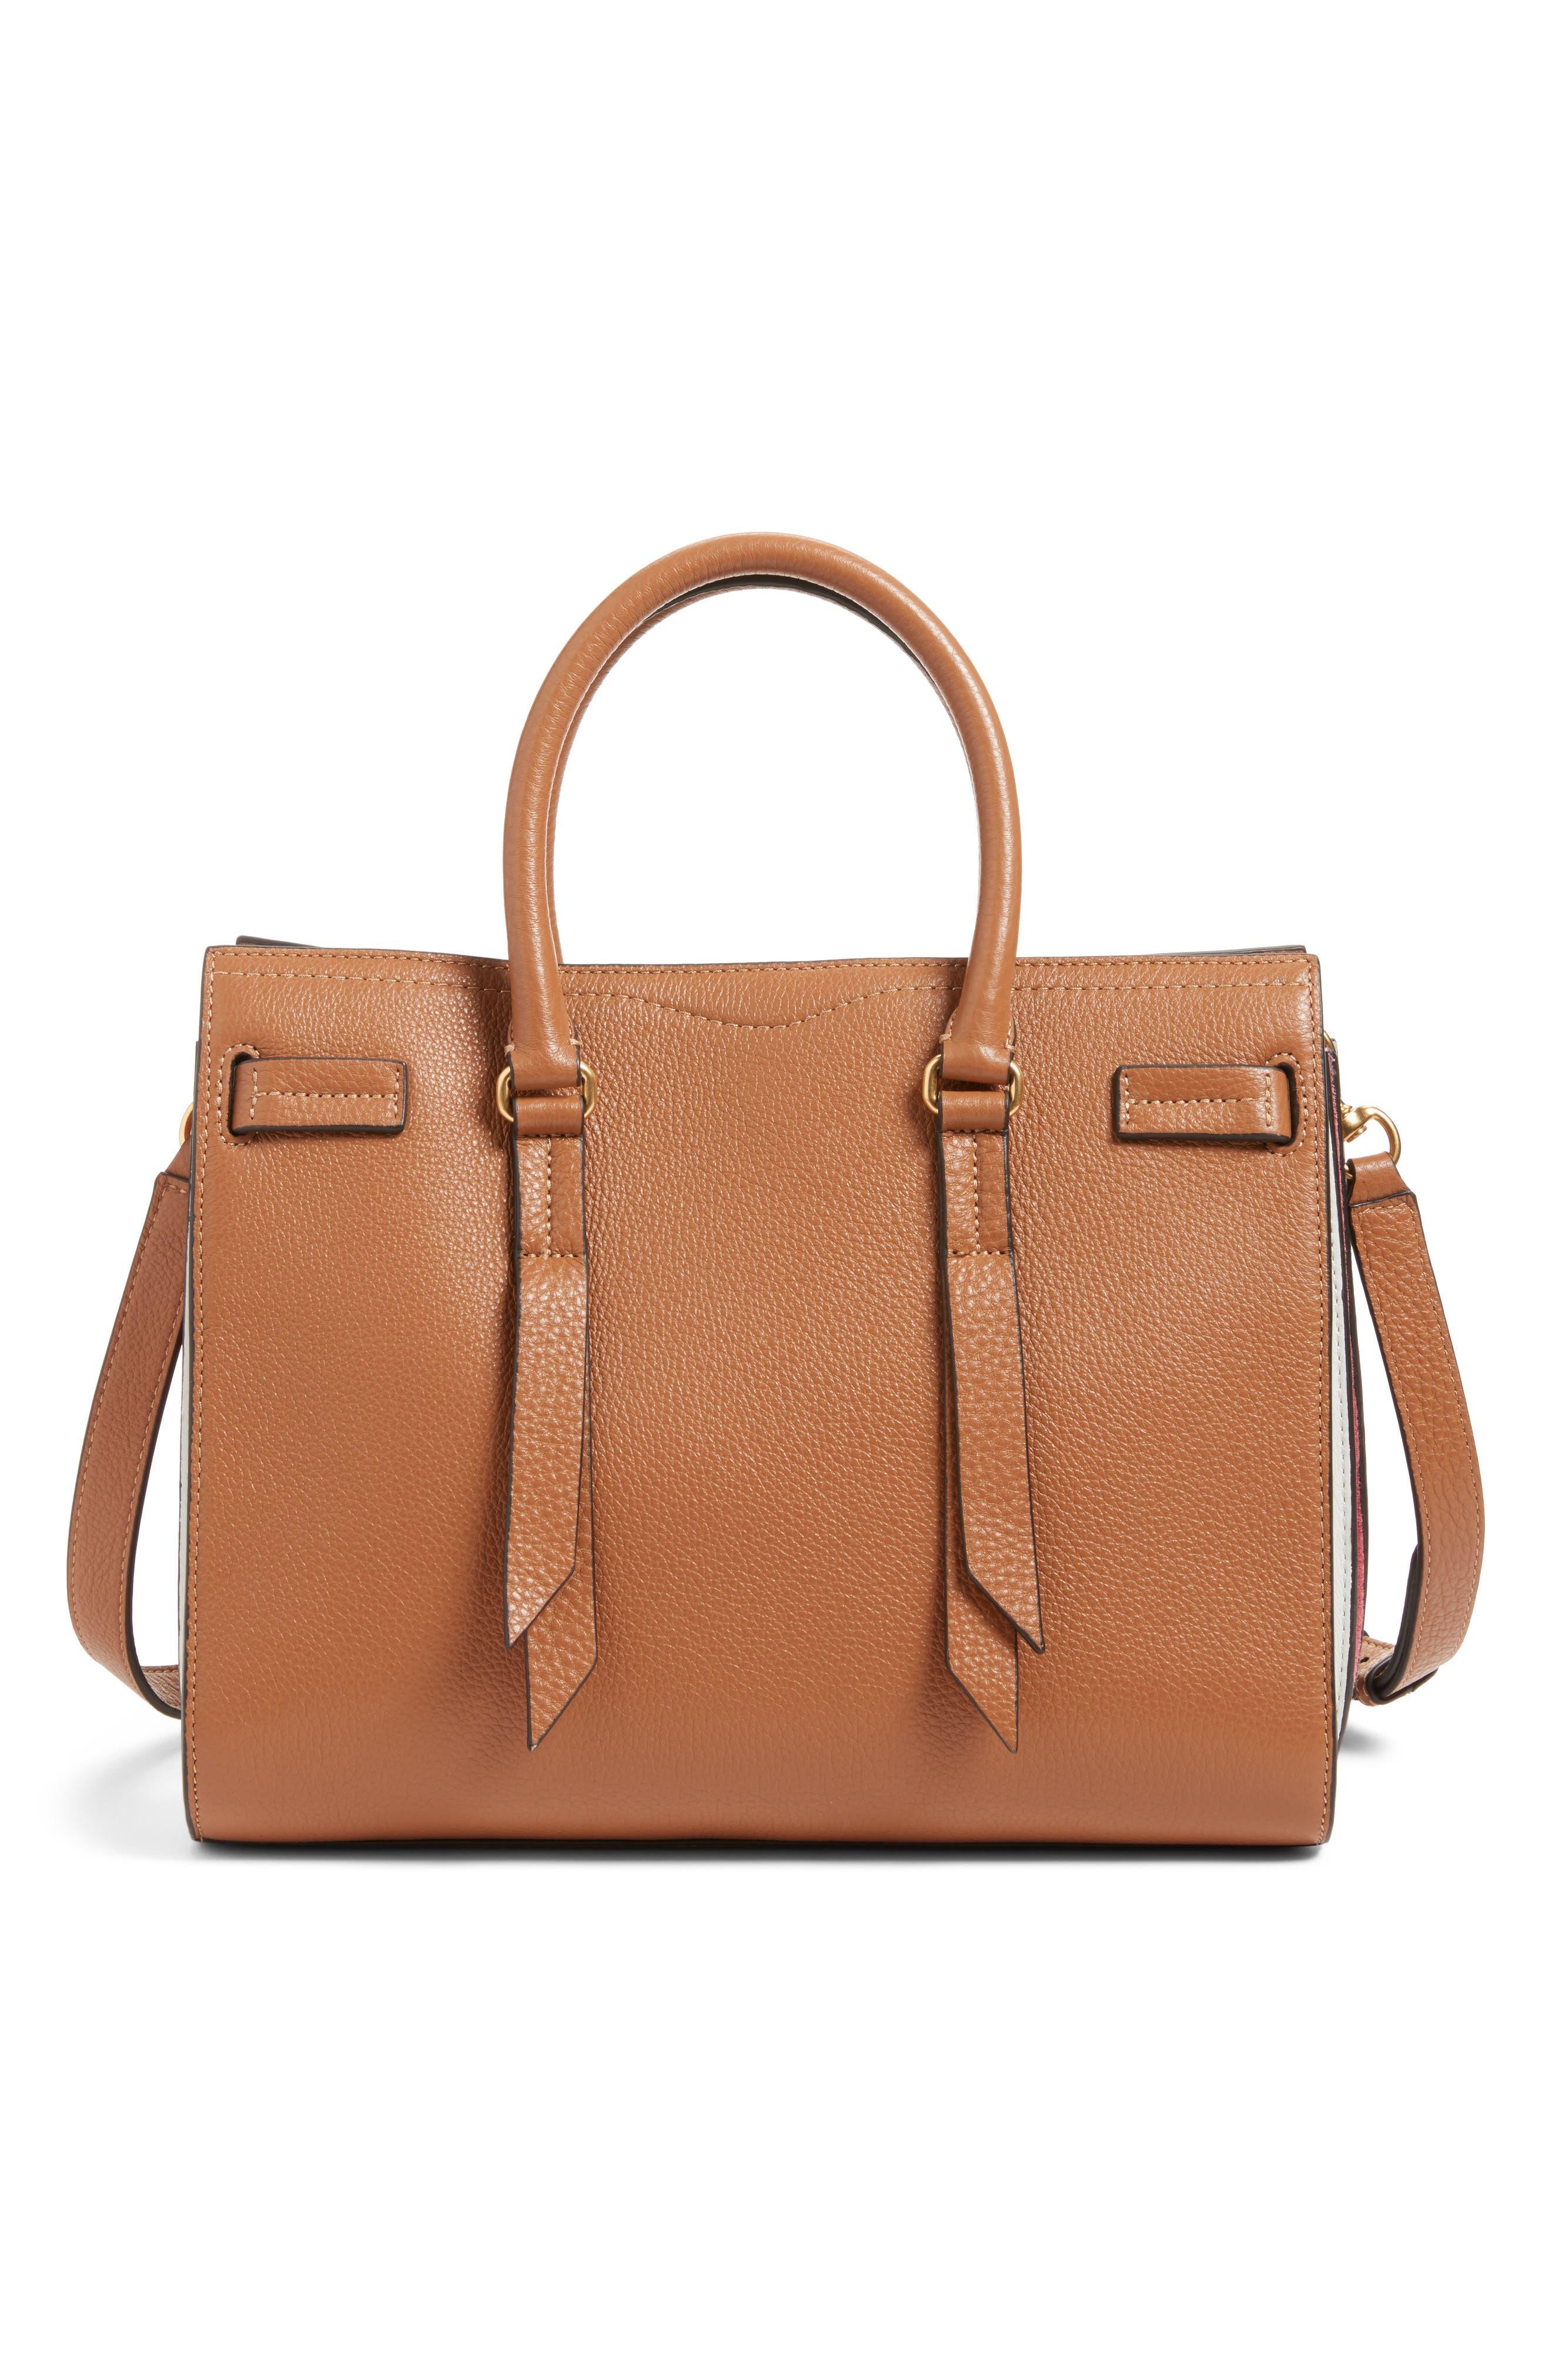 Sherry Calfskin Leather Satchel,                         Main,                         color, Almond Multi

########################################

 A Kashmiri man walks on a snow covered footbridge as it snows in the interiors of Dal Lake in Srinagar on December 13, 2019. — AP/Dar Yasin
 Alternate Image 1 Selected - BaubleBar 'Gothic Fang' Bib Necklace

########################################

### Problem details
Set down, exactly as they stand above, the lines starting with the line with "A Kashmiri man" and going on through the line with "Alternate Image 1", and no others.

### Response to the exercise
 A Kashmiri man walks on a snow covered footbridge as it snows in the interiors of Dal Lake in Srinagar on December 13, 2019. — AP/Dar Yasin
 Alternate Image 1 Selected - BaubleBar 'Gothic Fang' Bib Necklace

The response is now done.